Конечно, это был сильный импринтинг. Ощущение, что Путин с нами, что он — свой, не покидало никогда, даже когда движение закрывали, даже когда меня гоняли на допросы, взламывали почты. Никого, кто болел бы за Россию и ее будущее более искренне, чем Путин, я не знаю. Но одного Путина, увы, недостаточно, чтобы уследить за всем, что происходит. И все молодежки изначально были в первую очередь такими «связными президента», которые в меру разумения и возможностей поддерживали путинский курс.

Из-за того, что «Наши» не были социальным лифтом в классическом понимании, конечно, осталось много людей, которые жили завышенными ожиданиями и оказались не готовы к очень быстрому упадку движения. Был даже случай самоубийства, после погибшего парня осталась записка, которую явно написал очень разочарованный жизнью человек. Комиссары десять лет жили в походных условиях, срывались из города в город, бросали институты, увольнялись с хороших работ ради работы в движении. Большинство из них были фанатично преданы идее и ждали, что идея их отблагодарит. Но это же не благотворительный фонд, который должен со всеми нянчиться. Кто-то воспользовался возможностями, кто-то не сумел и обнаружил себя выпавшим из нормальной социальной жизни. А встроиться в нее обратно — непростая задача. Вы можете себе представить, чтобы какой-нибудь Моторола вернулся обратно на автомойку? «Либо пан, либо пропал», считают такие люди. Всем панами не стать.

— Поддерживаешь контакты с бывшими коллегами по движению? А с Василием Якеменко?

— С Василием Якеменко контакт не поддерживаю — не о чем контактировать.
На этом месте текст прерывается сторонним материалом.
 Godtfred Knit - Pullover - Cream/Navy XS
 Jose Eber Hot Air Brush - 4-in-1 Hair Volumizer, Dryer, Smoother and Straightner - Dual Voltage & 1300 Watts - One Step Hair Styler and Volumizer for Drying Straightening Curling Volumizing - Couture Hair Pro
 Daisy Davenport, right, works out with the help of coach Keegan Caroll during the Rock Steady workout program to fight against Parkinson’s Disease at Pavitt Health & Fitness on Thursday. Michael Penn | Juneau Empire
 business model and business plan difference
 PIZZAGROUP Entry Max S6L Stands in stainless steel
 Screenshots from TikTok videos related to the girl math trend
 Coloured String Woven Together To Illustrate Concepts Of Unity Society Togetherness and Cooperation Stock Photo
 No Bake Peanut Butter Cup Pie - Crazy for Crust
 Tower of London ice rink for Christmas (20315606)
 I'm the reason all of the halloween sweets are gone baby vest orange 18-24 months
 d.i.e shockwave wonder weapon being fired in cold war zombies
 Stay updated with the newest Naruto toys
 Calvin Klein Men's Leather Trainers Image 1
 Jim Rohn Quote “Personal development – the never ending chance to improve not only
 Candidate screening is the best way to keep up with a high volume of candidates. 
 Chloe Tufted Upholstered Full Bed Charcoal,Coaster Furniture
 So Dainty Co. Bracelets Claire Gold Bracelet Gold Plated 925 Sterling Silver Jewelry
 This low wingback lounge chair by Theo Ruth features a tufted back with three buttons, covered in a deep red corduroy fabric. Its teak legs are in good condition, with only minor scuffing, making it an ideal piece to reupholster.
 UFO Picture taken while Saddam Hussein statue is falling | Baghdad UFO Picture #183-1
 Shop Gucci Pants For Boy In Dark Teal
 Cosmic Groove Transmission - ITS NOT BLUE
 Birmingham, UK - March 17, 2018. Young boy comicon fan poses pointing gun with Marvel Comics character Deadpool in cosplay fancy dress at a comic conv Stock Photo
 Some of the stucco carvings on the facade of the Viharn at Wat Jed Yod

У него сейчас свои проекты, очень далекие от политической жизни, а я, наоборот, занимаюсь именно политикой.

— Ты занимаешься политическим SMM. Насколько велик этот рынок?

— Спрос на толковых специалистов любой квалификации, от СММ до полевиков, в политике есть всегда. Конечно, российские выборы — это далеко не многомиллиардная махина, как в США, но я не знаю ни одного политтехнолога и вообще профессионально участвовавшего в политической борьбе человека, который сидел бы сейчас не у дел.

 

— Поддерживаешь контакты с администрацией президента?

— Конечно, как и многие мои коллеги. Перед выборами, например, была встреча политологов и политических экспертов с Вячеславом Володиным — очень содержательная, кстати, он за два часа обменялся с нами своим видением будущего политики в России, законодательной власти и Госдумы в том числе. Новый сезон парламента многих удивит, особенно скептиков. С новой командой Кириенко пока не познакомилась, но думаю, удастся найти общий язык — в конце концов, у нас у всех общие цели.

«Враги — это те, кто нарушают права россиян»

— Вернемся к твоим взглядам. Как они эволюционировали за последние годы? Есть ощущение, что ты стала гораздо умереннее.

— Мне кажется, взгляды большинства людей с возрастом становятся более взвешенными, центристскими. Молодость — это время радикальных действий, лозунгов и резких заявлений. Плюс чем моложе человек, тем большее внимание на него оказывает окружение, а с возрастом формируются собственные мысли и идеи. Я не стала исключением. Хочу жить в нормальной стране и готова за это бороться. Наверное, это и есть умеренность взглядов?

— Вообще такая эволюция происходила долго? Кто-то на тебя влиял?

— Главный, кто влиял на членов движения, пока «Наши» существовали, — это, конечно, Якеменко. Когда «Наши» исчезли буквально в одно мгновение, с ними исчезло и многое из того, во что мы верили. Но я никогда не воспринимала исчезновение «Наших» как поражение. Нашей целью была победа Путина, и эта цель достигнута. Конечно, за время нашего существования отдельные кураторы использовали движение в своих интересах, но обманывать нас никто не пытался, равно как и морочить голову совсем уж завиральными идеями про какие-нибудь «шестые колонны». Я успела полностью реализовать все свои возможности в «Наших», и когда проект закрылся, мир вокруг не рухнул. У меня стало больше свободного времени, которое я инвестировала в себя, занялась самообразованием, книжки читала, смотрела, как меняется политическая система. 

Когда мне предложили новую работу, у меня уже было собственное видение того, от какой системы ценностей я буду отталкиваться. Я могу долго распинаться про гуманизм, патриотизм, обновление и прочее, но есть какие-то базовые, очевидные вещи. Санкции санкциями, но в лифте лампочки не Обама выкрутил и не Путин. Патернализм тормозит общество. Вместо мифов о порядке при Сталине, о народе-богоносце или о заговоре педофилов лучше усвоить свое неотъемлемое право быть свободным, счастливым, здоровым и успешным — а эти права есть у каждого жителя России, вне зависимости от его политических взглядов, сексуальной ориентации и степени духовности. Нарушать эти права — значит, вредить обществу и стране. Соответственно, враги — это те, кто нарушает наши права. 

Возьмем закон об иностранных агентах — его авторы хотели, чтобы НКО, которые занимаются политической деятельностью, делали это, не скрывая того, что получают иностранные деньги, а значит, могут быть ангажированы в иностранных интересах.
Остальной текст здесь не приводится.